• [Task input]:
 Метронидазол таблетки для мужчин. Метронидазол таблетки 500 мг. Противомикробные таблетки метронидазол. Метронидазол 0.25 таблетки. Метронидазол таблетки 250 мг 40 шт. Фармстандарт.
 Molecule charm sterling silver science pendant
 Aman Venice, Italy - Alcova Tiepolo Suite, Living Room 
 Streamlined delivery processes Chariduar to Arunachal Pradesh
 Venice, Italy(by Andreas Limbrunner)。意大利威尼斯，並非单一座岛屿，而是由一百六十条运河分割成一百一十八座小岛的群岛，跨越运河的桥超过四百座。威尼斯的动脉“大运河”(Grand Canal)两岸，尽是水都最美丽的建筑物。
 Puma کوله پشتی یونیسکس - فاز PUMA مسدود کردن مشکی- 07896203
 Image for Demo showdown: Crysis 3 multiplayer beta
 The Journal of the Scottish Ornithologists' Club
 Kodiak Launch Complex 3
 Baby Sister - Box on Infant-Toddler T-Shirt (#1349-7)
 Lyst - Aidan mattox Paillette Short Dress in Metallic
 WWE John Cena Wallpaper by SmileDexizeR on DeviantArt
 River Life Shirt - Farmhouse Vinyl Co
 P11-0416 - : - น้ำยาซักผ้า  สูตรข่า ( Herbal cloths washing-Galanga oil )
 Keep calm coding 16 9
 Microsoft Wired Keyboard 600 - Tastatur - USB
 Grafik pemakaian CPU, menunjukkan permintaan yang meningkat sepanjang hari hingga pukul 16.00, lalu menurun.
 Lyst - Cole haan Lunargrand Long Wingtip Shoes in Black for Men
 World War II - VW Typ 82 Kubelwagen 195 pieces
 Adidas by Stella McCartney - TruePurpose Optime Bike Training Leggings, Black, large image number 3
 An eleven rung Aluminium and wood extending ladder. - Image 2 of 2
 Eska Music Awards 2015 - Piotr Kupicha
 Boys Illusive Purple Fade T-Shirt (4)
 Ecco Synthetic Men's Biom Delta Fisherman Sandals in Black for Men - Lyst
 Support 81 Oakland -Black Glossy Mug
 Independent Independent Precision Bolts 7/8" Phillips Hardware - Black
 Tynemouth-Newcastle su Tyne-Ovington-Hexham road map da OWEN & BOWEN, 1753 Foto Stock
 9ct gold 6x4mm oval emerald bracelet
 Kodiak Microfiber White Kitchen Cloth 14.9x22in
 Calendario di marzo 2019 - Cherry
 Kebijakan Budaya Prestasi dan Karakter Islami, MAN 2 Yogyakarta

• [Task]:
Only the line containing "Independent Independent Precision" and the lines after it, up to and including the last line of the data, should appear in the answer, exactly as written.

• [Answer to the exercise]:
 Independent Independent Precision Bolts 7/8" Phillips Hardware - Black
 Tynemouth-Newcastle su Tyne-Ovington-Hexham road map da OWEN & BOWEN, 1753 Foto Stock
 9ct gold 6x4mm oval emerald bracelet
 Kodiak Microfiber White Kitchen Cloth 14.9x22in
 Calendario di marzo 2019 - Cherry
 Kebijakan Budaya Prestasi dan Karakter Islami, MAN 2 Yogyakarta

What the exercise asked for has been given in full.